*** Opening of Working data ***

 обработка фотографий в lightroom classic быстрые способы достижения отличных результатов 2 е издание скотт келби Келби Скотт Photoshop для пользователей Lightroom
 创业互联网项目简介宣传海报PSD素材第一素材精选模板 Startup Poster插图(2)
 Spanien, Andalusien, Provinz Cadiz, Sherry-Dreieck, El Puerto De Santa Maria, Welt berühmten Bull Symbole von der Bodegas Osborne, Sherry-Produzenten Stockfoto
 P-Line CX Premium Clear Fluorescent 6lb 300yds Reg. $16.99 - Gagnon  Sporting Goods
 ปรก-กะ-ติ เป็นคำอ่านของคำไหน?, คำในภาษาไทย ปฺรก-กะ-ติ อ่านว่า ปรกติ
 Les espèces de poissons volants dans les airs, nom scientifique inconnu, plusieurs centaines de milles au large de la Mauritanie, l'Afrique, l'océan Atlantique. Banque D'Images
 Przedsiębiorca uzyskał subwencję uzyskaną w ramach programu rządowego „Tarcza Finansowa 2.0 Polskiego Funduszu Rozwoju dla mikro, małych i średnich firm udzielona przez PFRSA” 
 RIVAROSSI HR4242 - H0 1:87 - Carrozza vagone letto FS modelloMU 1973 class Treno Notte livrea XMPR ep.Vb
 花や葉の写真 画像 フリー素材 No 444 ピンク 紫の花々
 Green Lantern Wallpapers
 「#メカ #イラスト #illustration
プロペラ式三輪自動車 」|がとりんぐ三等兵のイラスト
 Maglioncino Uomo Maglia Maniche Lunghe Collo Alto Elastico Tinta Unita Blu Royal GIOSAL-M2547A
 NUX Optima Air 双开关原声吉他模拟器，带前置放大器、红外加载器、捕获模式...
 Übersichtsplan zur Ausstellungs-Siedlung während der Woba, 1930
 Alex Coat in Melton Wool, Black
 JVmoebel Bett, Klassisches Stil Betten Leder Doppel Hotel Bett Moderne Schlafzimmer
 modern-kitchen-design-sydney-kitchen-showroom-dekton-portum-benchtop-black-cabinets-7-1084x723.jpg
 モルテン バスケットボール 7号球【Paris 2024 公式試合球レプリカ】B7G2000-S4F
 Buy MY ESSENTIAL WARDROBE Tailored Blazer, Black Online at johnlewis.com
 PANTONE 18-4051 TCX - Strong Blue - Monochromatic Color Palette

*** Close of Working data ***

* _What this task involves_
The entries need to be set down again in full, with no word changed.

* _The completed task_
 обработка фотографий в lightroom classic быстрые способы достижения отличных результатов 2 е издание скотт келби Келби Скотт Photoshop для пользователей Lightroom
 创业互联网项目简介宣传海报PSD素材第一素材精选模板 Startup Poster插图(2)
 Spanien, Andalusien, Provinz Cadiz, Sherry-Dreieck, El Puerto De Santa Maria, Welt berühmten Bull Symbole von der Bodegas Osborne, Sherry-Produzenten Stockfoto
 P-Line CX Premium Clear Fluorescent 6lb 300yds Reg. $16.99 - Gagnon  Sporting Goods
 ปรก-กะ-ติ เป็นคำอ่านของคำไหน?, คำในภาษาไทย ปฺรก-กะ-ติ อ่านว่า ปรกติ
 Les espèces de poissons volants dans les airs, nom scientifique inconnu, plusieurs centaines de milles au large de la Mauritanie, l'Afrique, l'océan Atlantique. Banque D'Images
 Przedsiębiorca uzyskał subwencję uzyskaną w ramach programu rządowego „Tarcza Finansowa 2.0 Polskiego Funduszu Rozwoju dla mikro, małych i średnich firm udzielona przez PFRSA” 
 RIVAROSSI HR4242 - H0 1:87 - Carrozza vagone letto FS modelloMU 1973 class Treno Notte livrea XMPR ep.Vb
 花や葉の写真 画像 フリー素材 No 444 ピンク 紫の花々
 Green Lantern Wallpapers
 「#メカ #イラスト #illustration
プロペラ式三輪自動車 」|がとりんぐ三等兵のイラスト
 Maglioncino Uomo Maglia Maniche Lunghe Collo Alto Elastico Tinta Unita Blu Royal GIOSAL-M2547A
 NUX Optima Air 双开关原声吉他模拟器，带前置放大器、红外加载器、捕获模式...
 Übersichtsplan zur Ausstellungs-Siedlung während der Woba, 1930
 Alex Coat in Melton Wool, Black
 JVmoebel Bett, Klassisches Stil Betten Leder Doppel Hotel Bett Moderne Schlafzimmer
 modern-kitchen-design-sydney-kitchen-showroom-dekton-portum-benchtop-black-cabinets-7-1084x723.jpg
 モルテン バスケットボール 7号球【Paris 2024 公式試合球レプリカ】B7G2000-S4F
 Buy MY ESSENTIAL WARDROBE Tailored Blazer, Black Online at johnlewis.com
 PANTONE 18-4051 TCX - Strong Blue - Monochromatic Color Palette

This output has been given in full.